Il passa l’arc et le carquois à son épaule et se tourna vers l’escalier, mais Bak lui barra le passage.
— Je suis venu parler avec toi de la mort du lieutenant Pouemrê.
— Écarte-toi de mon chemin !
— Le commandant Ouaser m’a promis que tu répondrais à mes questions.
— Je n’ai rien à voir avec la mort de ce serpent, répondit Nebseni entre ses dents. Je ne sais pas qui l’a tué et je le déplore, car il nous a rendu service en purgeant cette garnison d’une vase plus nauséabonde que celle d’un bassin stagnant.
Bak savait qu’il s’exprimait sous le coup de la jalousie, mais que cachaient encore ses paroles ?
— Était-il aussi habile au tir à l’arc que dans l’infanterie ?
— Son maniement de l’arc était passable, tout au plus.
— Tu as eu de la chance, en ce cas.

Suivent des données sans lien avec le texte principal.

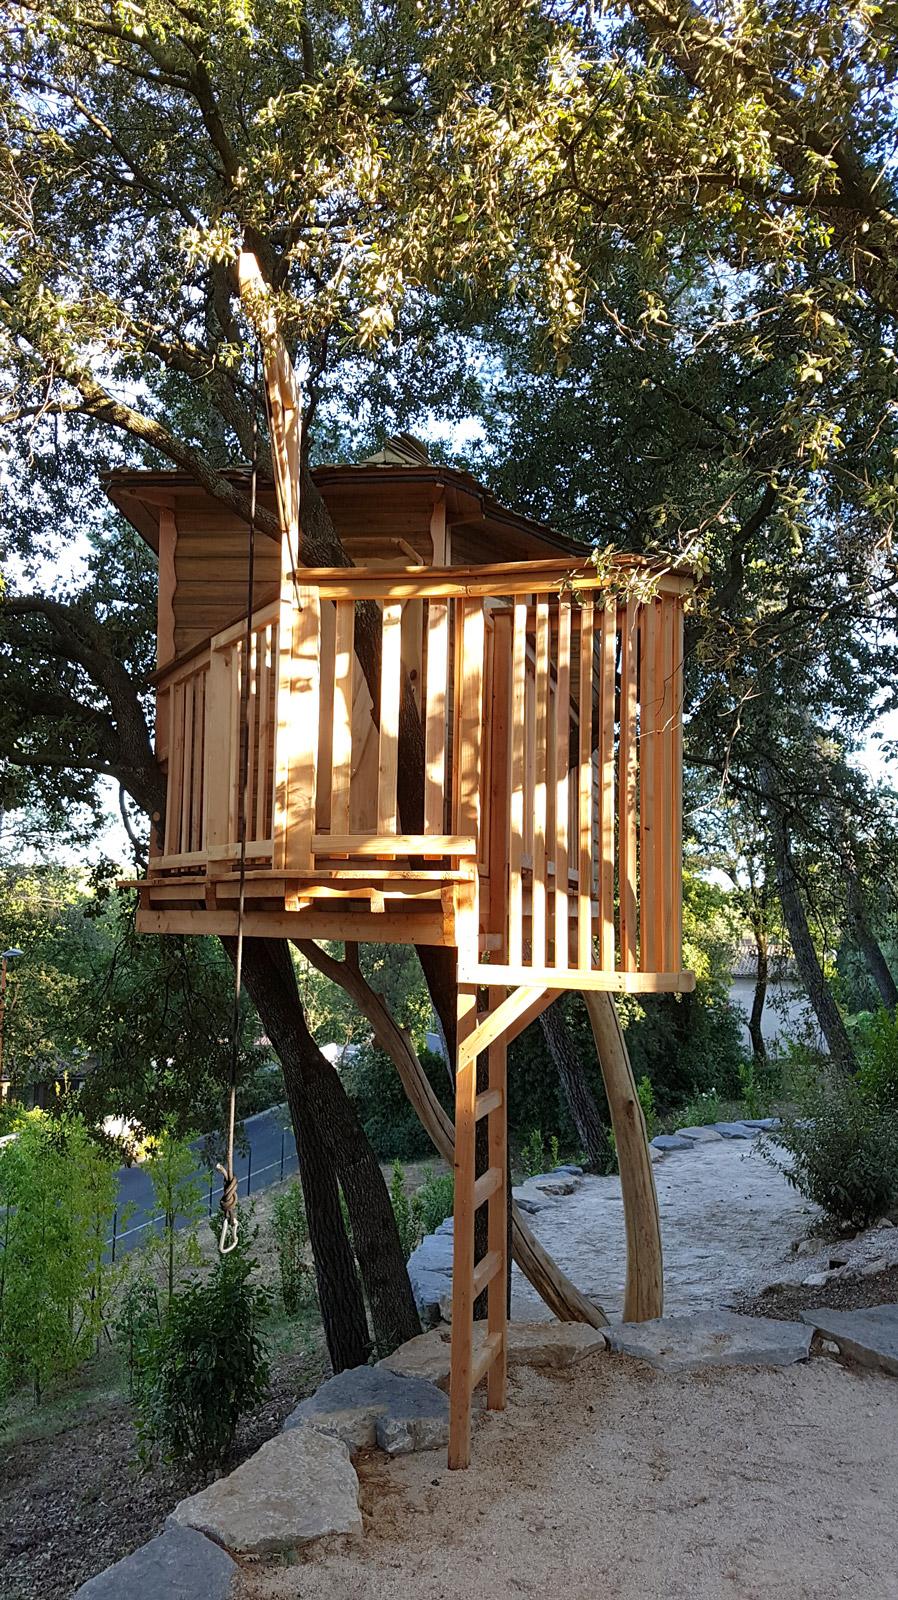 cabane d tente arbre habitat. Black Bedroom Furniture Sets. Home Design Ideas

Il ne pouvait s’en prévaloir pour usurper tes fonctions.
Aset contourna Nebseni pour se placer à côté de Bak, si près qu’il sentit la chaleur de son épaule contre la sienne, la caresse de ses cheveux sur son bras. La jeune fille déclara avec la douceur du miel :
— Une légère différence distinguait les lieutenants Nebseni et Pouemrê. Le premier est un soldat dépourvu de tout ce qui rend la vie agréable ; l’autre possédait cela, mais souhaitait plutôt être un bon soldat.
En frôlant Bak et en parlant de la sorte, elle cherchait à piquer l’archer au vif. Que voulait-elle ? Les monter l’un contre l’autre ?
Nebseni feignit l’indifférence.
— Tu as parlé à Houy et à Senou. Je n’ai rien à ajouter.
D’un coup d’épaule, il poussa le policier contre Aset et dévala les marches à toute vitesse, sans un regard en arrière. La jeune fille serra le bras de Bak comme si elle avait besoin d’un soutien et leva vers lui ses grands yeux bruns, semblables à ceux d’Hathor lorsqu’elle revêt la forme d’une vache. Elle lui tendait des lèvres rouges et humides, invitant au baiser. Cependant, il lui en voulait trop d’avoir gâché cette occasion de s’entretenir avec Nebseni pour ressentir la moindre chaleur. La proximité de Ouaser n’était pas non plus pour embraser ses sens, ni la volonté affirmée d’Aset d’échapper à Iken grâce à un riche mariage.
Doucement mais fermement, il la repoussa, tourna les talons et prit le même chemin que Nebseni. Il quitta la résidence avec un soupir de soulagement et un sourire ironique. C’était bien la première fois qu’il fuyait une jolie fille.
Ce fut seulement en atteignant le portail à tourelle qu’il mesura tout ce qu’il avait appris en échangeant à peine quelques mots avec Nebseni. Le jeune officier était épris d’Aset, et fou de jalousie. D’après ce qu’il laissait entendre, elle avait encouragé les attentions de Pouemrê. Si ce n’était pas un mobile, qu’est-ce qui en était un ? Quant à Aset, avait-elle assassiné Pouemrê ? Elle pouvait avoir agi par dépit s’il la dédaignait, toutefois elle était trop frêle, et trop délicate.